Hi So we are having some issues with a failing jo...
# troubleshooting
v
Hi So we are having some issues with a failing job. Every morning at 04.00 we are trying to run a
--full-refresh
and i do get this error since about a week ago. The error takes about 8 minutes to occur. The next time it starts it runs, it is without the full refresh and it ends up running for about 15 minutes resulting in the same error. After 3-5 retries it finally "catches up" and manages to run the whole job.
Copy code
2023-01-19 05:09:06.508 CET
Run invocation could not be completed as block failed: Another 'prod:tap-postgres-to-target-bigquery' pipeline is already running which started at 2023-01-19 04:02:29.710681. To ignore this check use the '--force' option.

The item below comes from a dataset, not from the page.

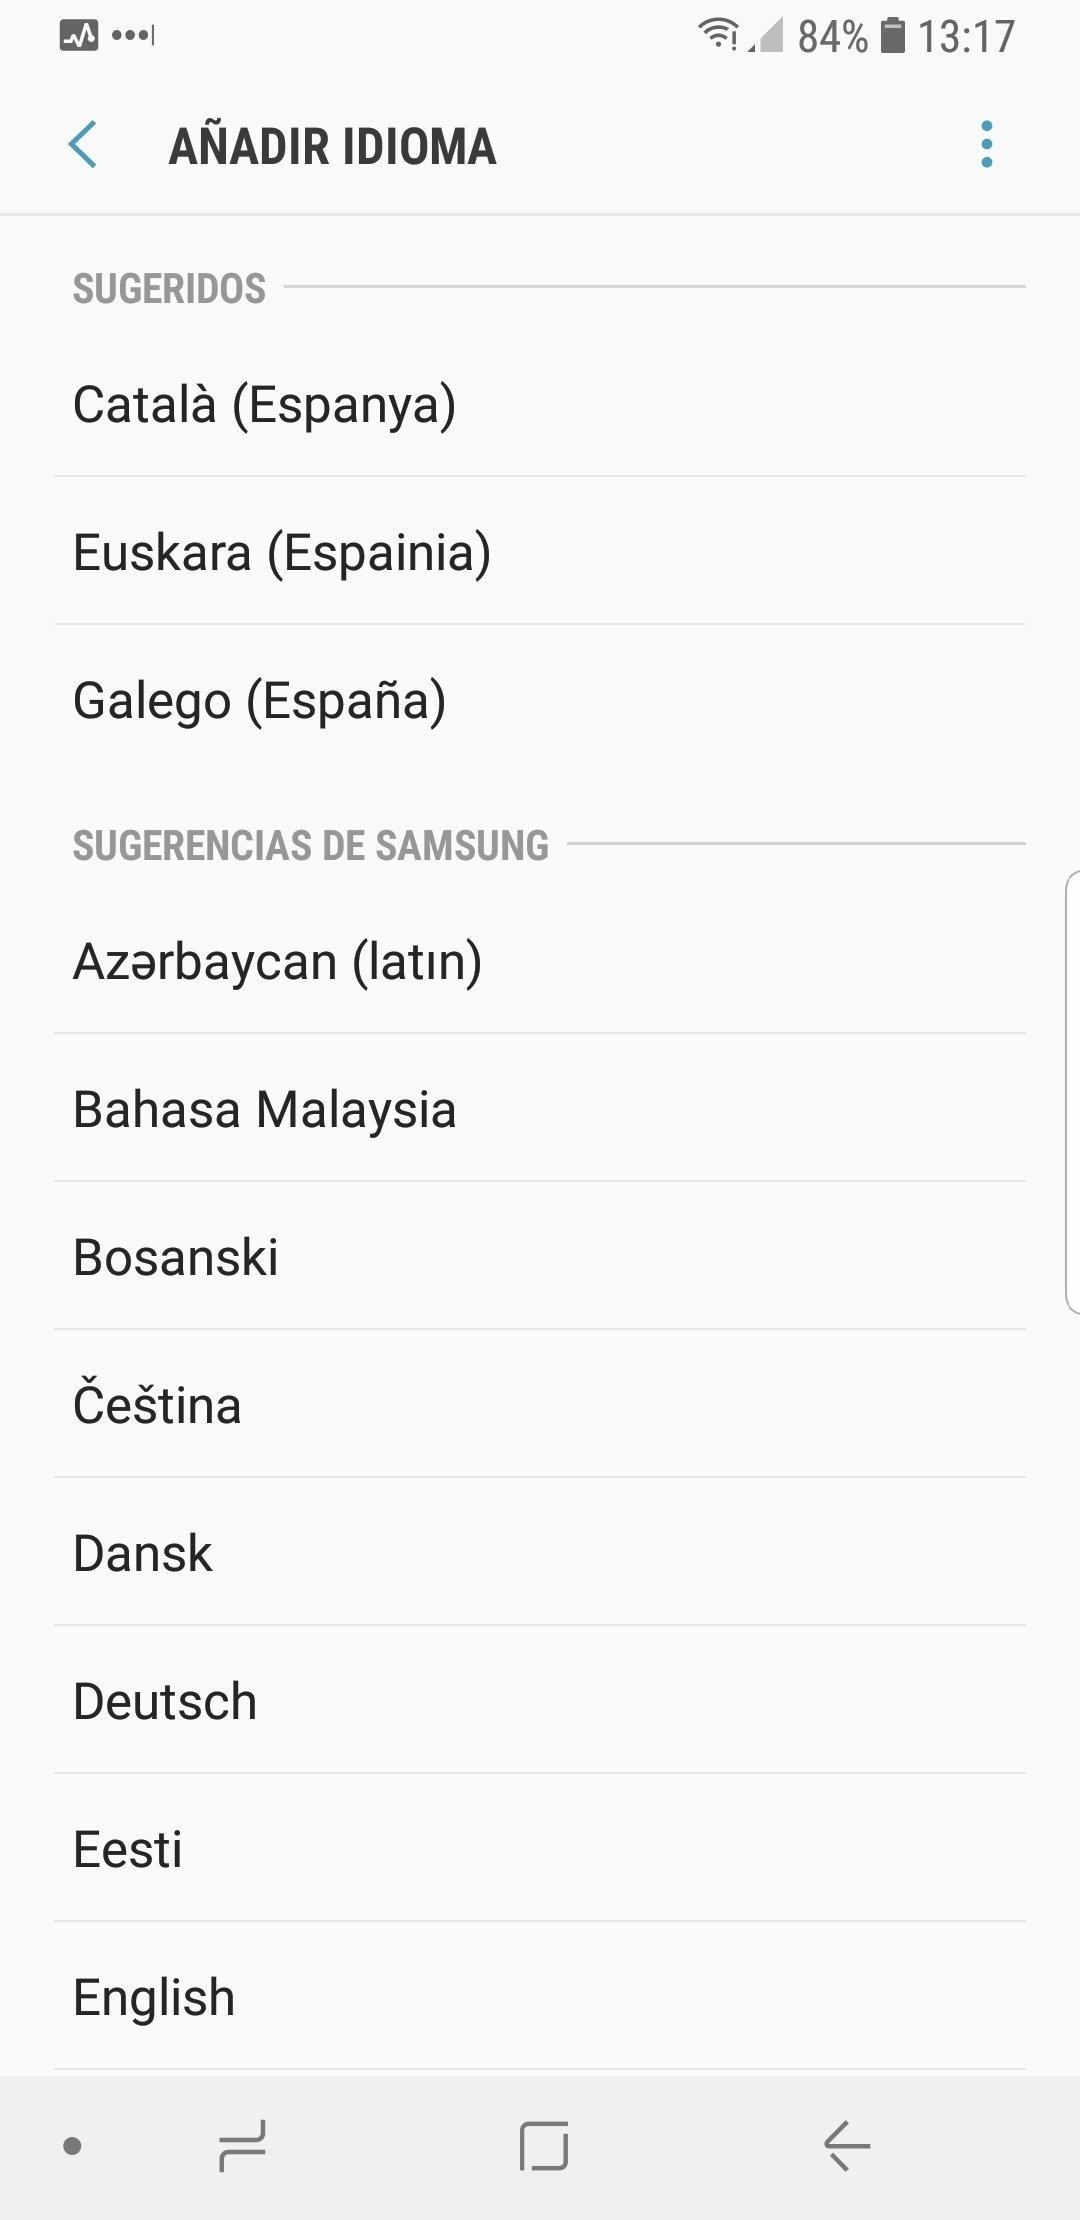 Lista de idiomas soportados por Android

2023-01-19 05:09:06.597 CET
Client closed local connection on 127.0.0.1:5432
2023-01-19 05:09:06.903 CET
Another 'prod:tap-postgres-to-target-bigquery' pipeline is already running which started at 2023-01-19 04:02:29.710681. To ignore this check use the '--force' option.
2023-01-19 05:09:06.903 CET
Block run completed.
2023-01-19 05:09:07.777 CET
Received TERM signal. Waiting up to 0s before terminating.
So today i went digging in the database i fund the "runs" log, excellent. "Fun fact" is that there is no job starting between the first 4 am job (sorry for timezone difference) and when it dies
Copy code
started   started_at                    ended_at                      last_heartbeat_at
SUCCESS,  2023-01-19 12:01:08.914036,   2023-01-19 12:02:13.786125,   2023-01-19 12:02:12.945424
SUCCESS,  2023-01-19 11:45:09.444758,   2023-01-19 11:46:08.446500,   2023-01-19 11:46:08.381997
SUCCESS,  2023-01-19 11:31:07.112609,   2023-01-19 11:32:07.804656,   2023-01-19 11:32:06.933957
SUCCESS,  2023-01-19 11:28:38.761015,   2023-01-19 11:29:40.734920,   2023-01-19 11:29:40.691249
SUCCESS,  2023-01-19 10:16:09.787328,   2023-01-19 11:27:04.277290,   2023-01-19 11:27:04.179192
FAIL,     2023-01-19 08:30:38.460719,   2023-01-19 10:16:09.712441,   2023-01-19 09:58:09.176293
FAIL,     2023-01-19 08:02:44.723517,   2023-01-19 08:30:38.385950,   2023-01-19 08:17:06.586861
FAIL,     2023-01-19 04:02:29.710681,   2023-01-19 08:02:44.642756,   2023-01-19 04:08:56.203939
Any suggestions on how to find where the mysterious state comes from?